From the material below, reproduce exactly the stretch of lines that begins with the line holding "Acura Legend Dr" and ends with the line holding "New Balance 992 Neon Yellow Black - M992AF", skipping the pictures.

### Given entries

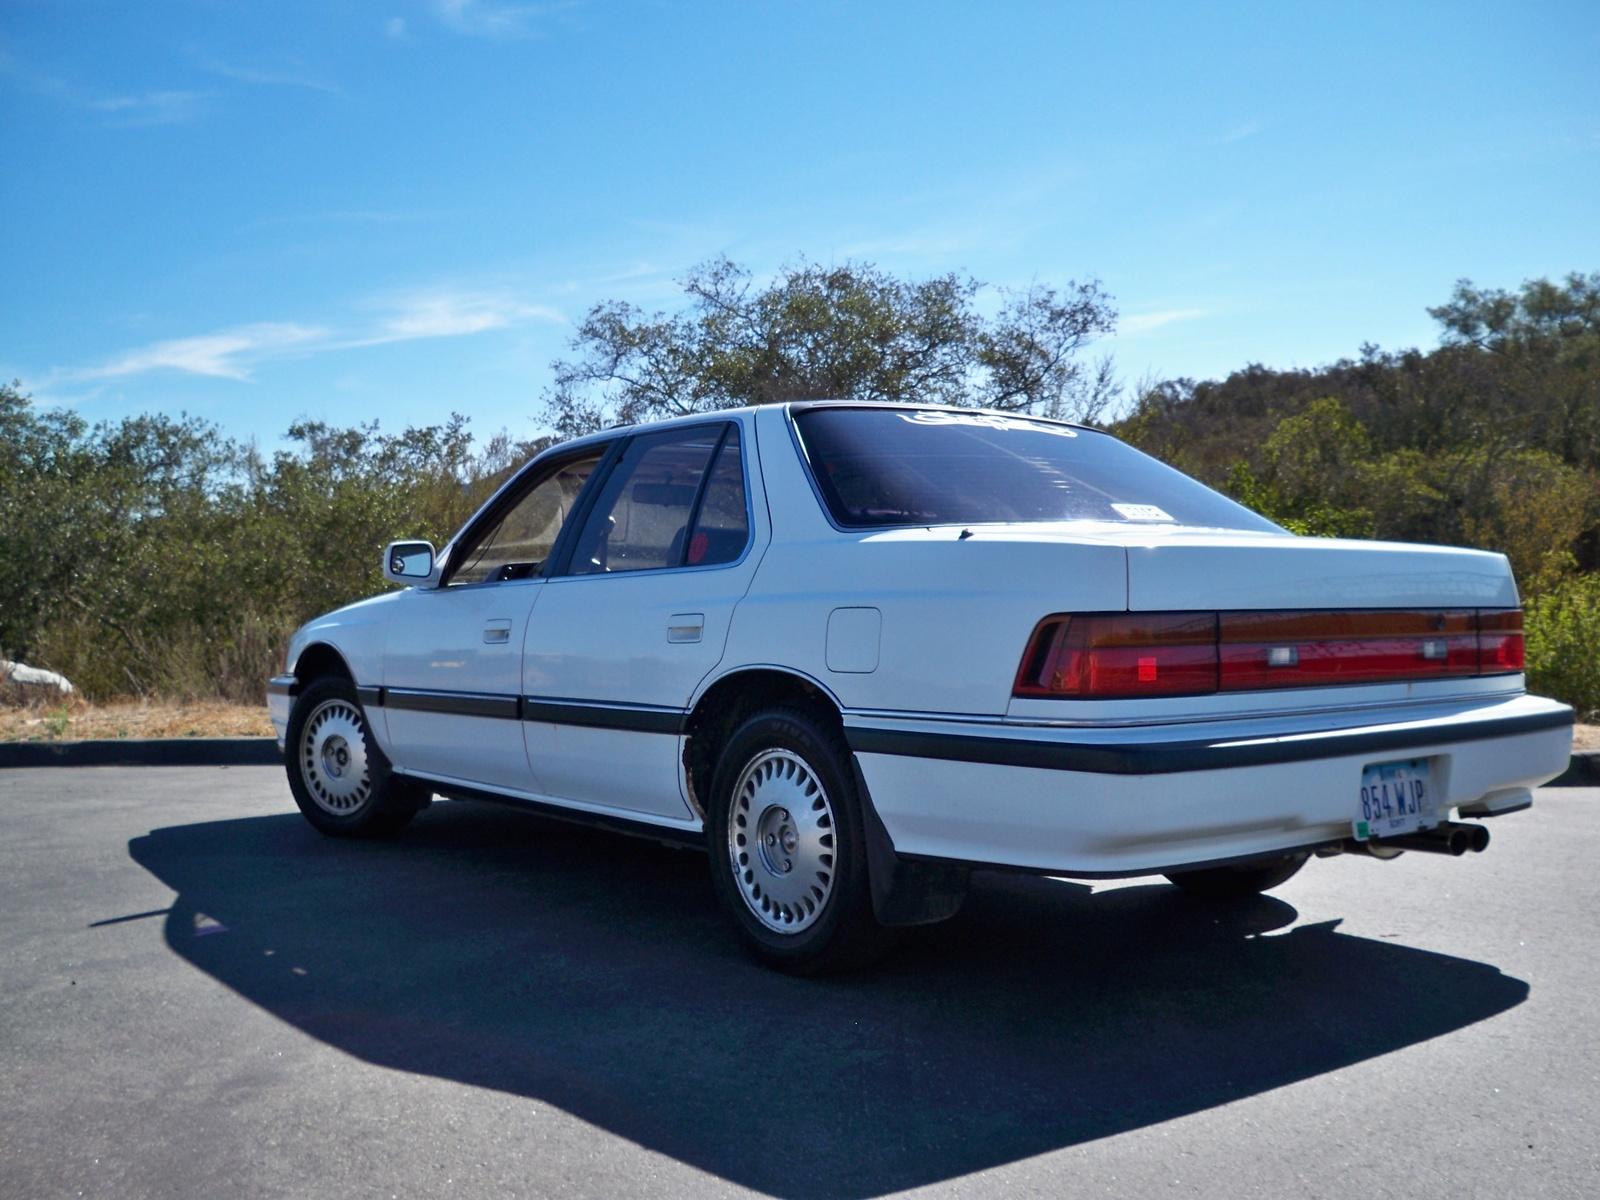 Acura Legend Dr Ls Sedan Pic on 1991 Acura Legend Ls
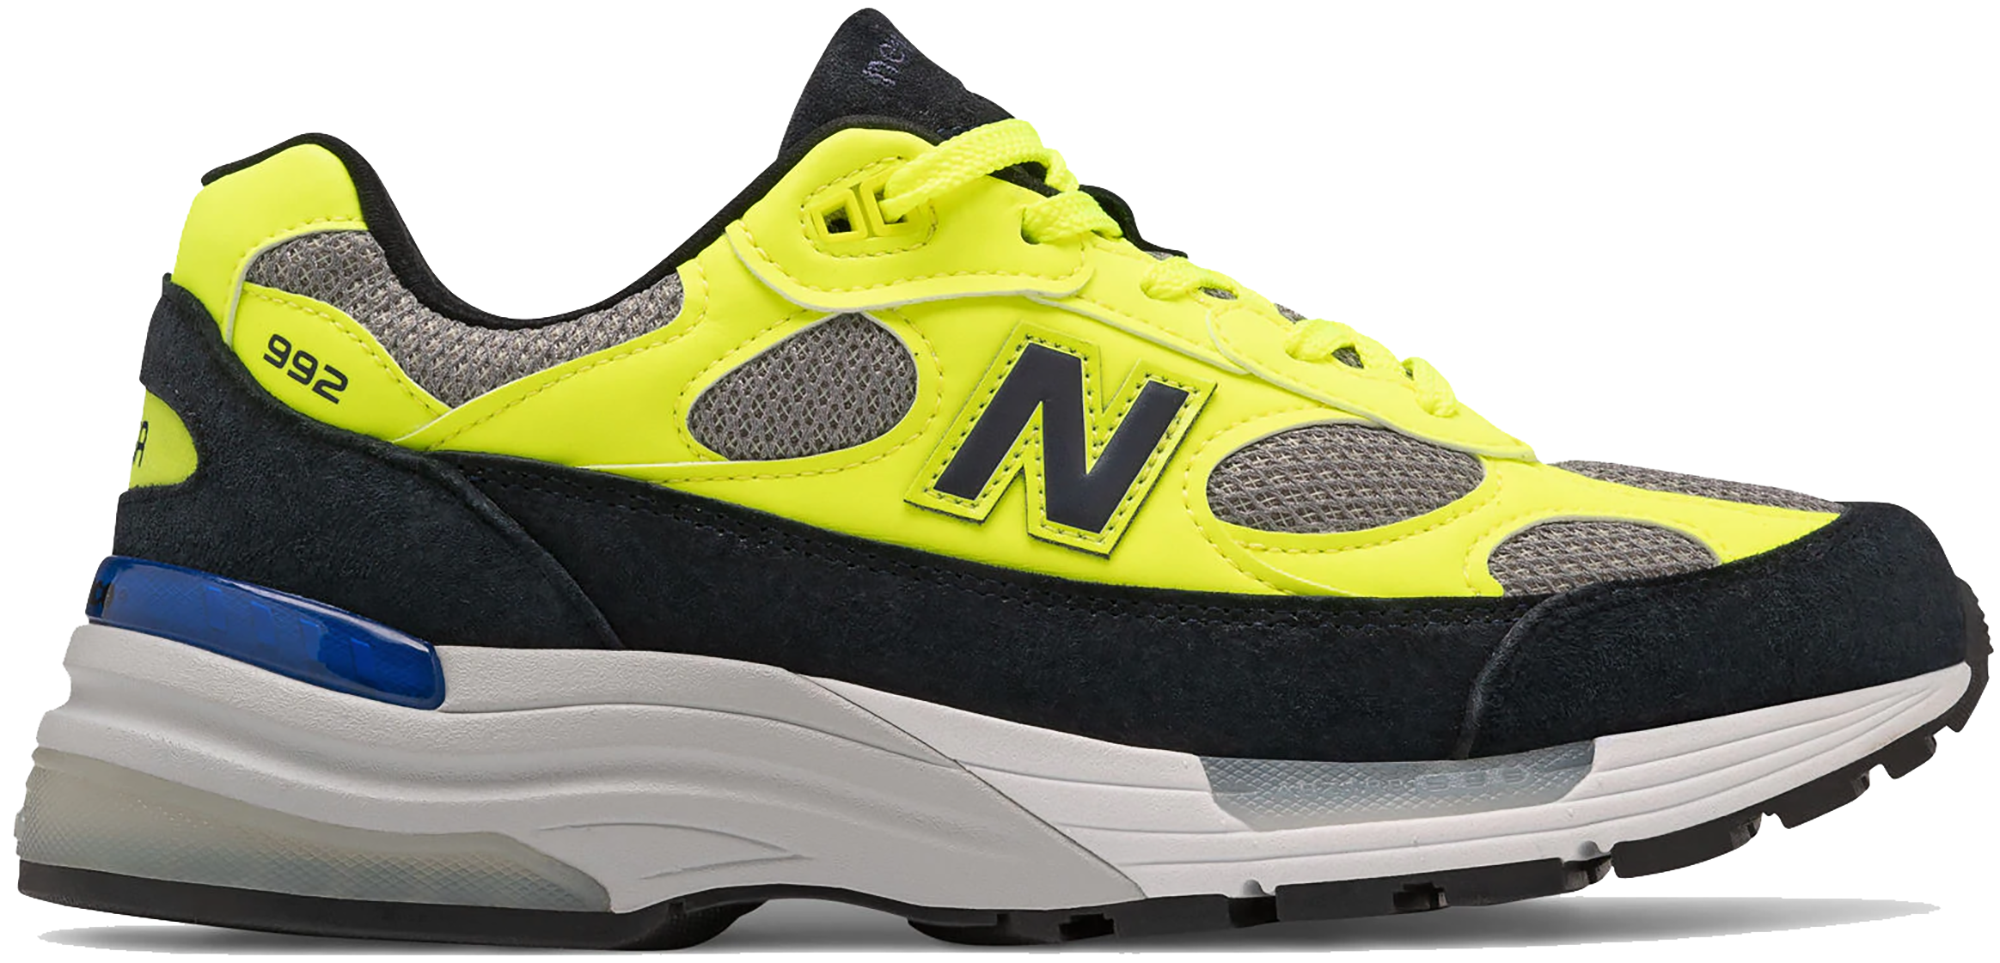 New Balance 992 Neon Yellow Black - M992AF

######
### Given entries

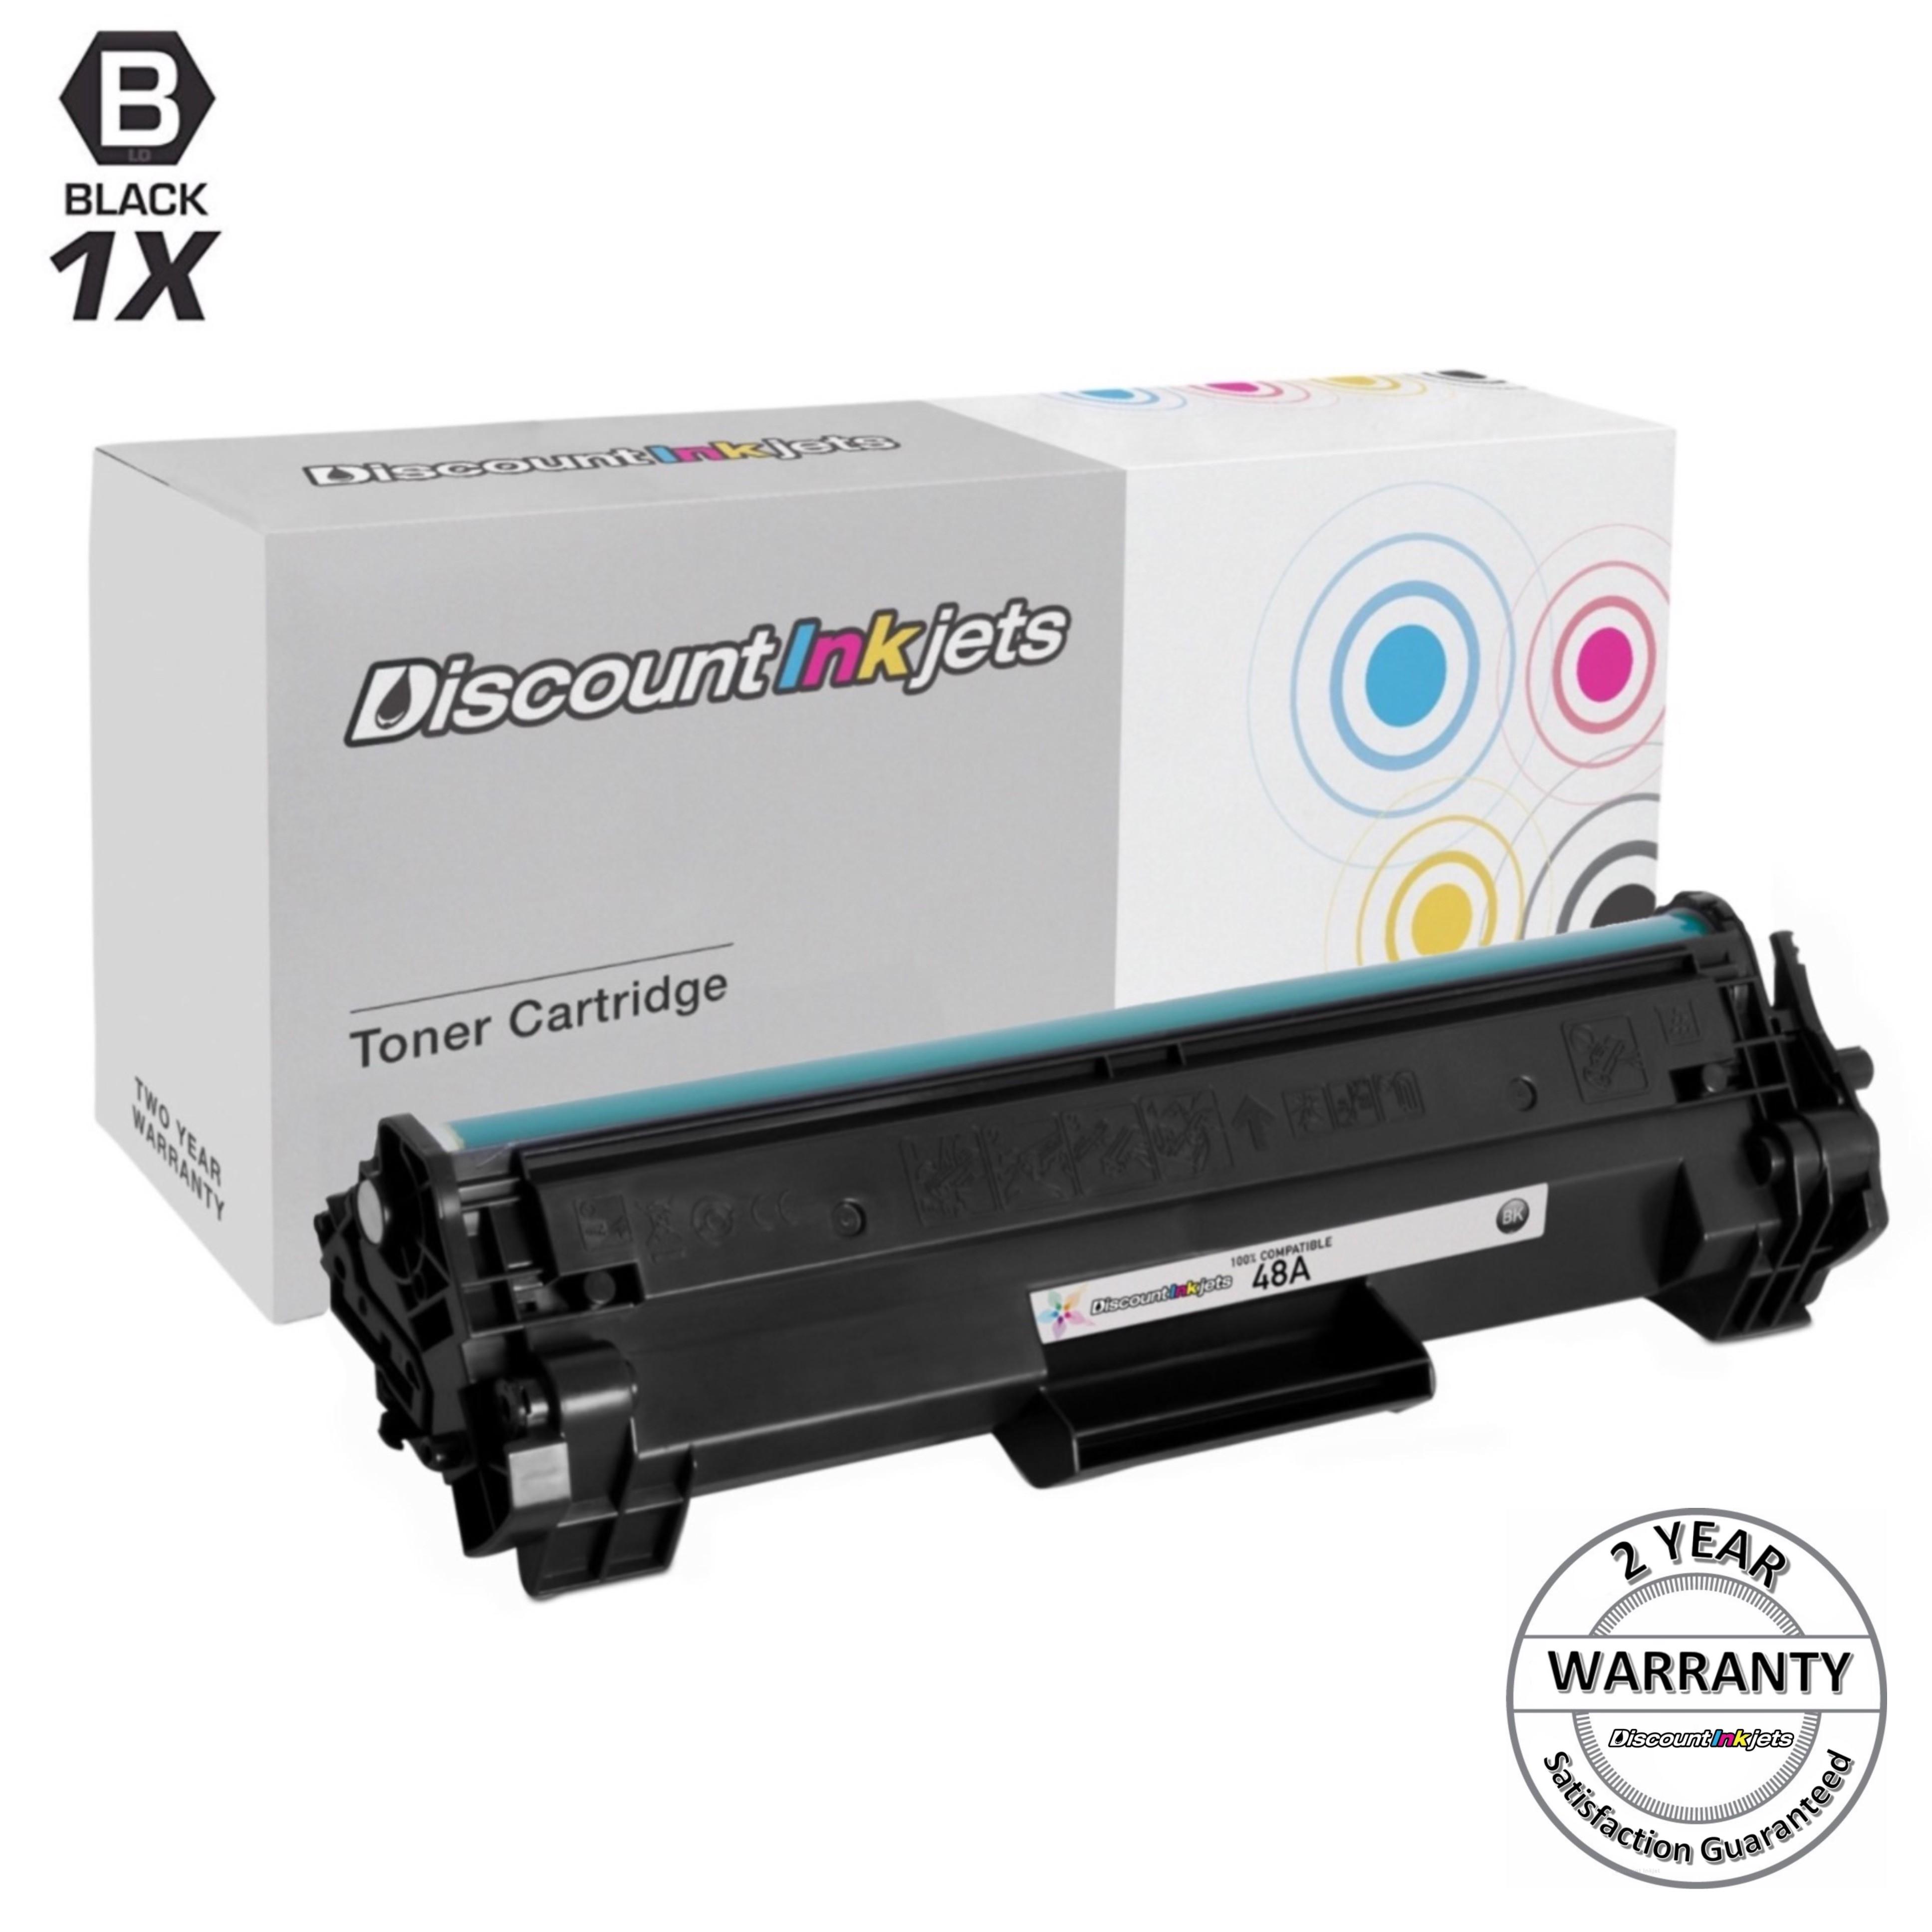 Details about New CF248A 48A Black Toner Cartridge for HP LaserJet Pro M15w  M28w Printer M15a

######

_Your response:_
 Acura Legend Dr Ls Sedan Pic on 1991 Acura Legend Ls
 New Balance 992 Neon Yellow Black - M992AF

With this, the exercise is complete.